**Your objective**
Within the records, determine how many lines contain the word "Compounds". Your reply must consist of that number only.

**Extracted records**

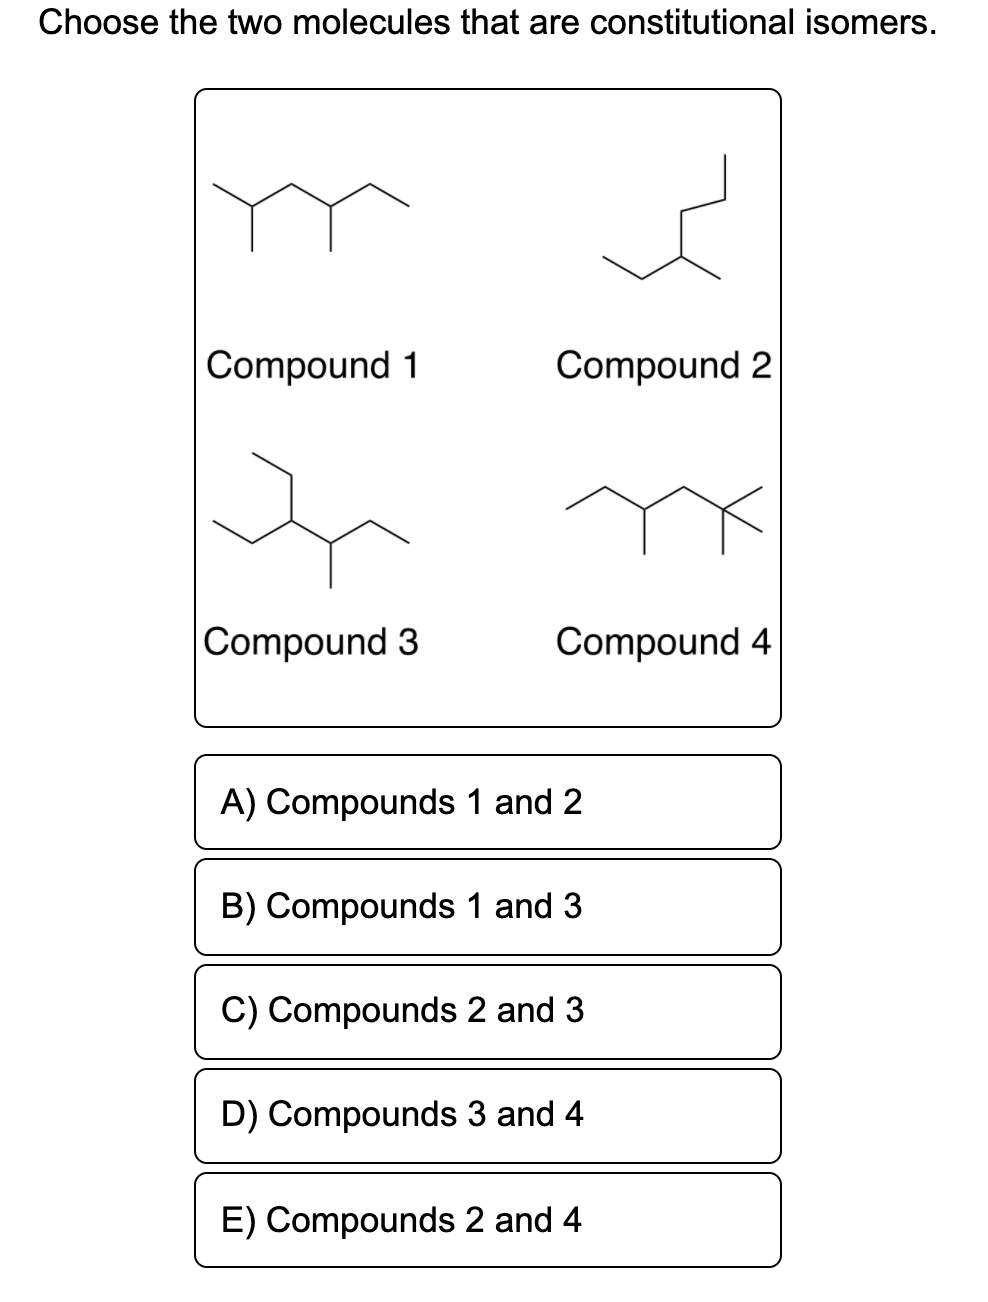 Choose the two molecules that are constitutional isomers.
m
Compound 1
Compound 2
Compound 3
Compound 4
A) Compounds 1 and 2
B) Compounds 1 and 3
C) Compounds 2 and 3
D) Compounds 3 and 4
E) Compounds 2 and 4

* * *

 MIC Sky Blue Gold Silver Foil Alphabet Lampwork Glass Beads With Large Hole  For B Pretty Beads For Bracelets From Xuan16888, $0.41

--

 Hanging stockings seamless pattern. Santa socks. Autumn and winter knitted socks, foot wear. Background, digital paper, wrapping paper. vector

**Exercise output**
5